1. Hot data cache and distributed session

2. Setnx distributed lock

3. Incr counter

4. Incr Global ID

5, Incr current limiting

6, bit operation, bitmap function, online user statistics 0/1 mark

3. Data types supported for storage

Integer, character, float

Four, different coding types

5, String storage principle

In Redis, data is stored in a RedisObject class

Typedeft struct redisObject {// This type can be string, hash,zset, etc.
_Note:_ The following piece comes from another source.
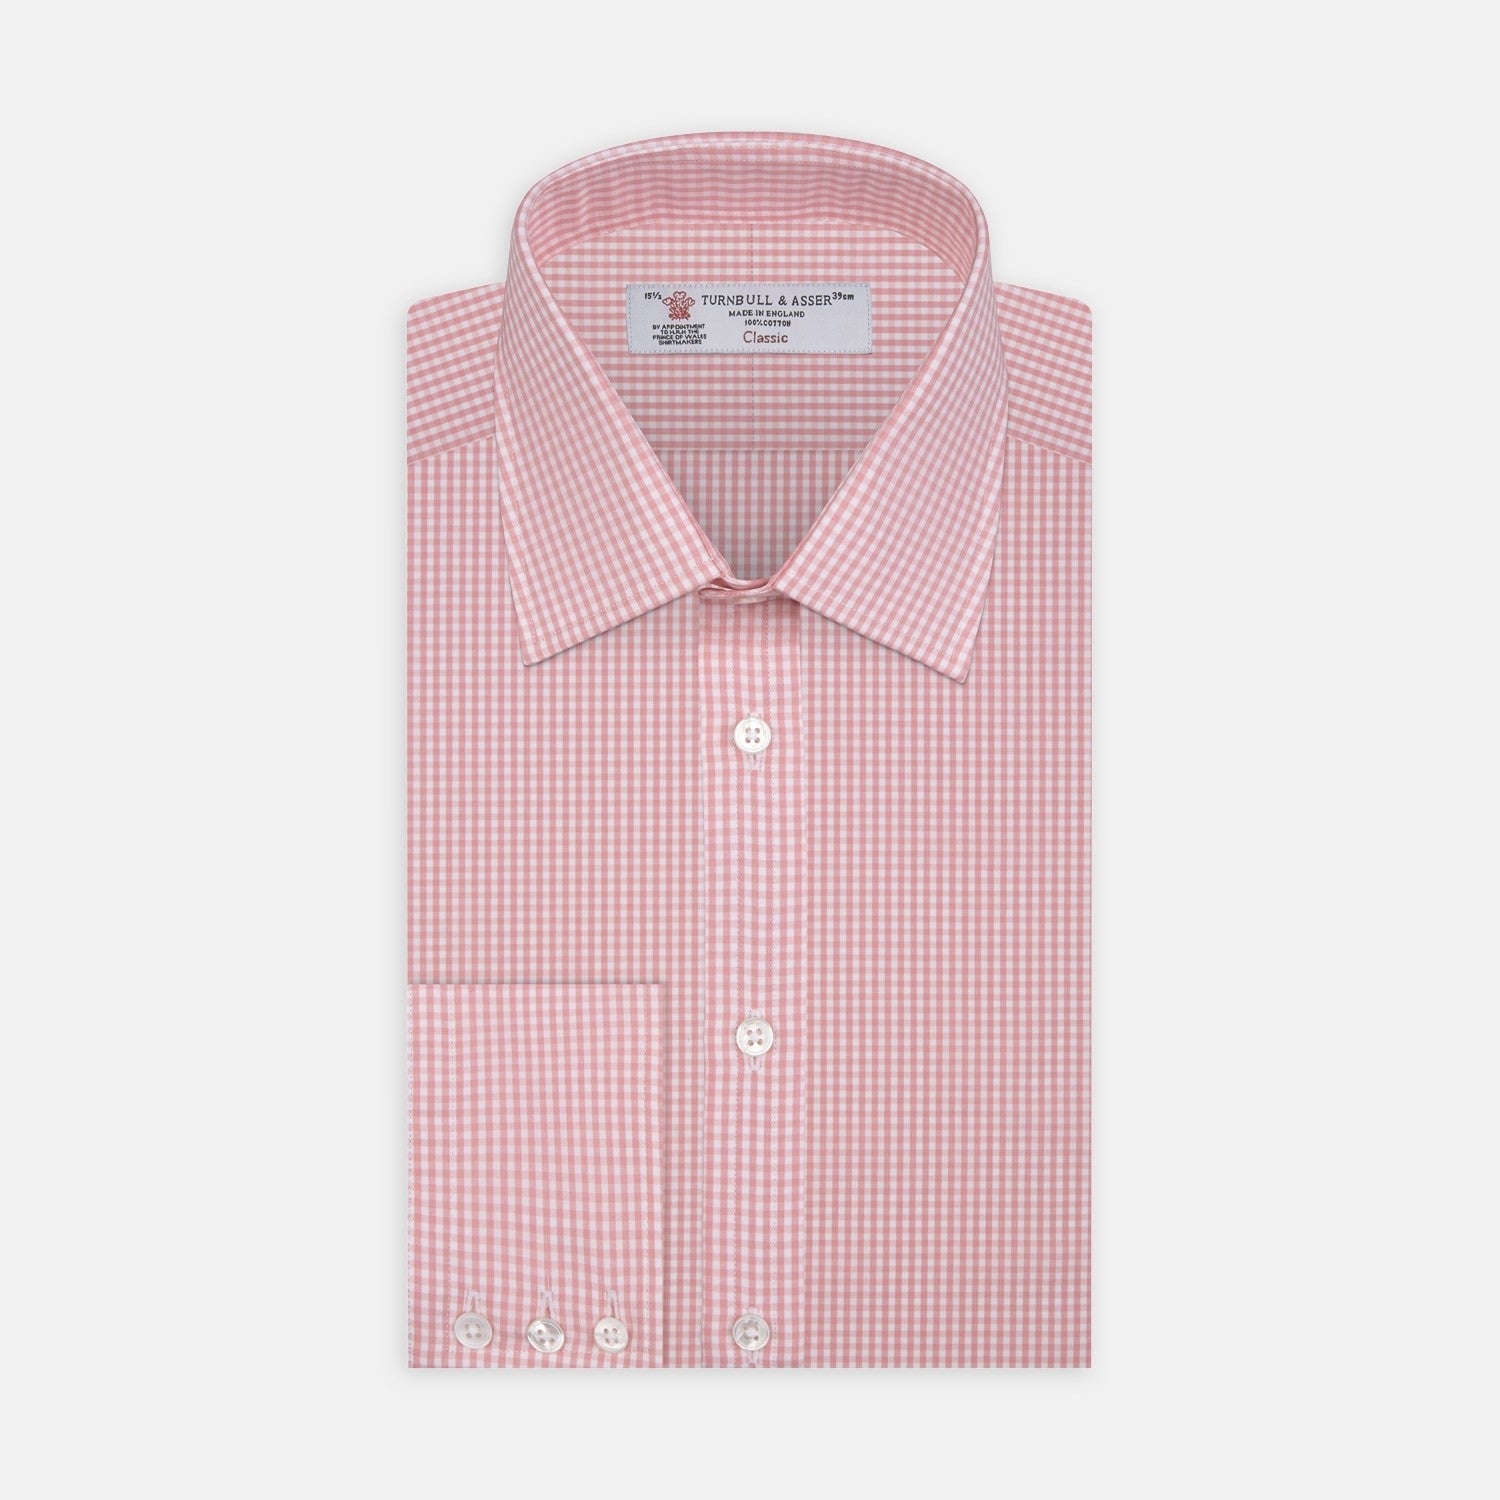 Light Pink Gingham Check Cotton Fabric

Unsigned type:4; unsigned encoding:4; Unsigned LRU :LRU_BITS; /* LRU time (relative to global lru_clock) or * LFU data (least significant 8 bits frequency * and most significant 16 Bits access time). */ / // Point to the real data structure object void * PTR; } robj;Copy the code

For strings,Redis customizes a simple dynamic String data structure to store String numbers.

Source code implementation: a variety of data structures, respectively, that can store strings of different lengths.

Len: Indicates the length that has been used

Alloc: indicates the total memory size allocated

Flags: indicates the storage type

Buf []: actual data

Six, three kinds of coding storage differences

1, embSTR RedisObject,SDS exists a piece, as long as the creation of a memory allocation, destruction of a memory release, easy to find

2, raw RedisObject,SDS memory is not the same, need to create two memory, destroy two memory free

3, the structure of embstr determines that it needs to increase the length, RedisObject,SDS need to reallocate memory. Embstr encoded data is therefore immutable and read-only.

When will the embstr code be converted to raw

1. Data of int type is no longer of int type, and is converted to raw

2. If the length is greater than 2^63-1, convert to embstr

3. The value of embstr exceeds 44 bytes and is converted to RAW

8. Advantages of SDS data structure

1, binary security can store image plastic, floating point type

2, String three encoding, make full use of memory, improve memory utilization

  • intStore 8 bytes long integer long,2^63-1
  • EmbstrEmbstr format SDS Simple Dynamic String memory space is continuous, read-only, and will be converted to RAW as soon as changes are made
  •  RawSDS stores strings of more than 44 bytes

3, don’t worry about memory overflow, SDS has automatic capacity expansion

String length complexity O(1), stored len attribute

5. Prevent multiple memory allocations through space preallocation and lazy space release

Len = len; len = len; len = len; len = len

Why not use the character array in C?

1. Memory needs to be pre-allocated and may overflow

2. Obtaining the length requires traversing the number group, time complexity O(n)

3, the character array length changes, need to allocate memory

4. In c’s character array, ‘\0’ represents the end of judgment. Binary data storage is not secure, can not save pictures, videos, etc.

About the memory preallocation feature

According to the source code analysis, the expansion policy is to double the space expansion before the string length is less than SDS_MAX_PREALLOC, that is, to reserve 100% of the redundant space. When the length exceeds SDS_MAX_PREALLOC, each expansion allocates only more redundant space of SDS_MAX_PREALLOC size to avoid wasting redundant space after doubling.

11. Release of inert space

Lazy space free is used to optimize SDS string shortening operations: When the SDS API needs to shorten the string saved by SDS, the program does not immediately use memory reallocation to reclaim the shortened extra bytes, but instead uses the free property to record the number of bytes and wait for future use.

Void sdsclear(SDS s) {// Sdssetlen (s, 0); // Set the first character to the terminator s[0] = '\0'; }Copy the code

Real clear space

sds sdsRemoveFreeSpace(sds s) { struct sdshdr *sh; sh = (void*) (s-(sizeof(struct sdshdr))); Sh = zrealloc(sh, sizeof(struct SDSHDR)+sh->len+1); Sh ->free = 0; return sh->buf; }Copy the code

For example, different structures store strings of different lengths, and different encoding types store strings of different lengths.

Pre-allocated space, the space of inert release, etc., from the storage structure, coding type, memory allocation and recovery strategy, the authors have done very many reasons from the aspects of performance design, it is conceivable that is why redis high performance, work to also want to learn this kind of pursuit of perfection in the performance of the fine style and design style.